Reactive Power Compensation Optimization Planning for Distribution Networks Using Tabu Search Algorithm

Resource Overview

Intelligent global optimization of reactive power compensation in distribution networks through tabu search algorithm implementation

Detailed Documentation

Reactive power compensation optimization planning in distribution networks serves as a critical method for enhancing energy efficiency and stability in power system operations. Traditional compensation approaches often rely on empirical formulas or local search techniques, struggling to address complex and dynamic grid environments. The tabu search algorithm presented here offers an intelligent global optimization solution for this challenge.

The core concept of this algorithm employs a memory mechanism to avoid revisiting invalid solutions. In distribution network scenarios, the algorithm records historical operations (such as capacitor switching locations and capacity selections) in a tabu list, temporarily prohibiting these operations from being repeated to escape local optima traps. This strategy proves particularly effective for handling nonlinear reactive power compensation problems, effectively preventing premature convergence commonly encountered in conventional optimization methods. Code implementation typically involves maintaining a circular buffer for tabu list management with configurable tenure parameters.

Targeting the primary objective of network loss reduction, the algorithm first establishes a mathematical model incorporating line parameters, load distribution, and voltage constraints.
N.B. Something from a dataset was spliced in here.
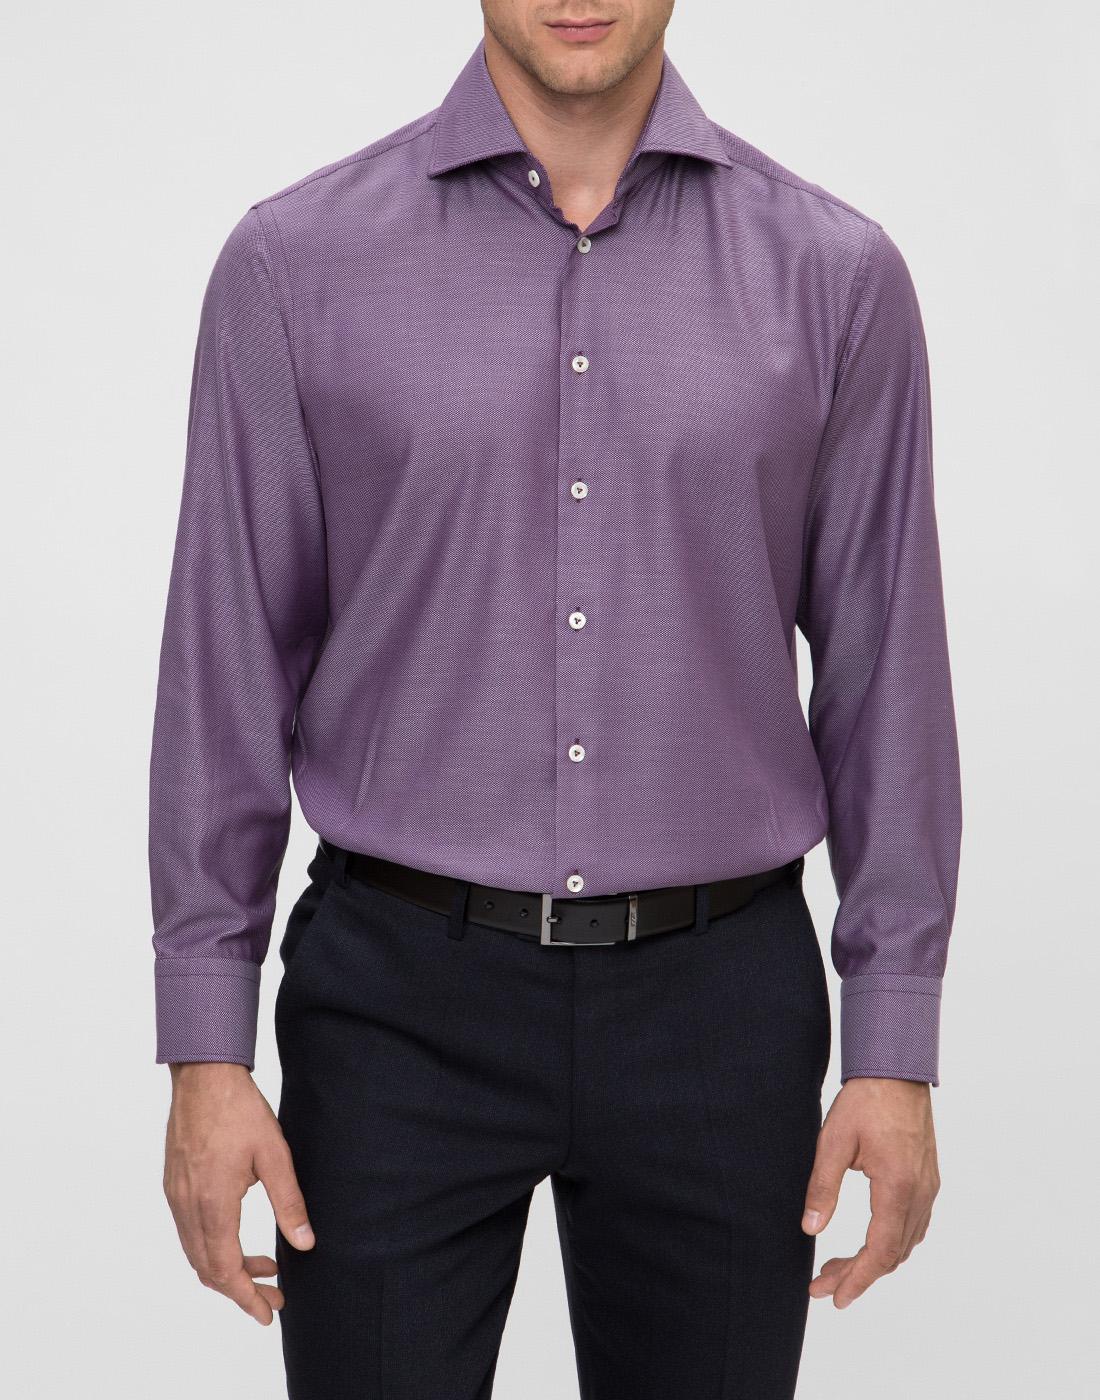 Мужская сиреневая рубашка Van Laack S151377/670-2

During the search process, it dynamically evaluates power loss indicators for candidate solutions while considering constraints like voltage deviations. By setting appropriate tabu tenure and aspiration criteria, the algorithm achieves balance between exploring new solutions and retaining high-quality ones. The evaluation function can be implemented using power flow calculations with penalty terms for constraint violations.
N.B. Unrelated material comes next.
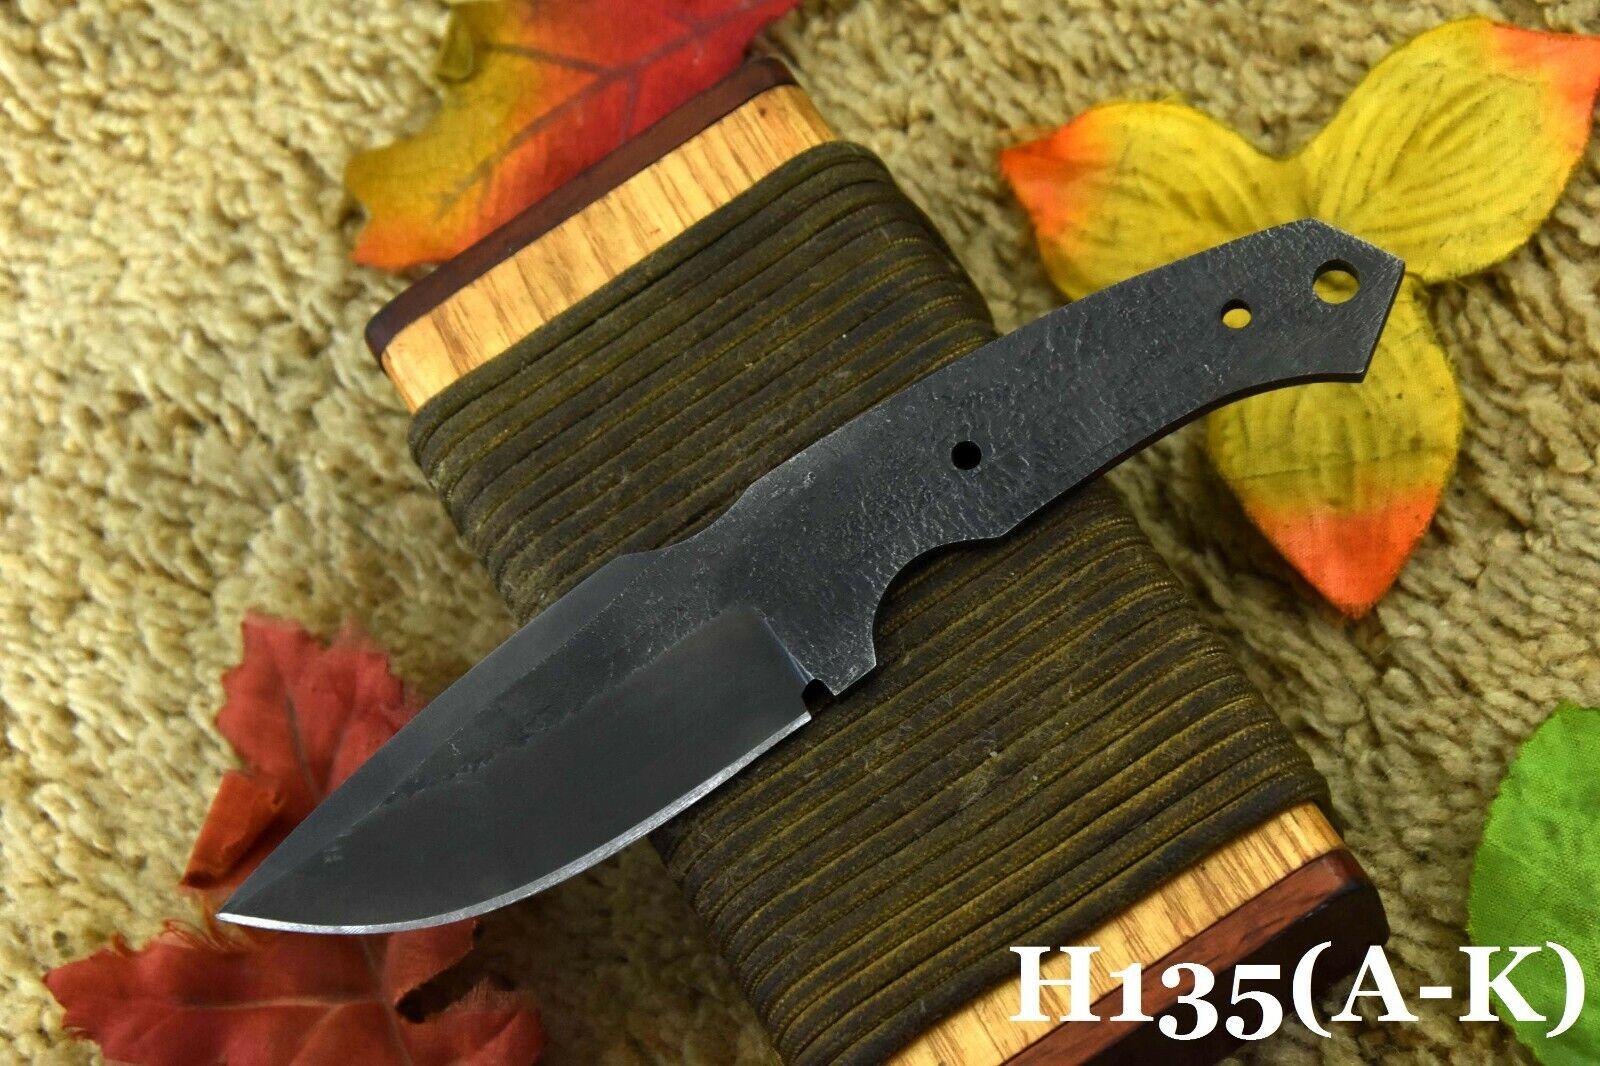 Knife Making Supply Spring Steel 5160 Blank Blade Hunting Knife Handmade D  - $6.99

Compared to traditional methods, this intelligent optimization algorithm significantly improves the economic efficiency of compensation device configuration. Practical applications allow flexible adjustment of search parameters according to grid scale, finding optimal balance between computational efficiency and optimization results. Another advantage lies in its adaptability to various compensation equipment types, enabling unified optimization frameworks for both switched capacitor banks and continuously adjustable static var compensators. The algorithm's neighborhood generation function can be designed to handle discrete and continuous variables simultaneously.

Future development directions may include hybrid approaches combining tabu search with other intelligent algorithms, or integrating real-time data for dynamic compensation strategies, further enhancing the intelligence and economic performance of distribution network operations. Potential code extensions could incorporate machine learning modules for adaptive parameter tuning.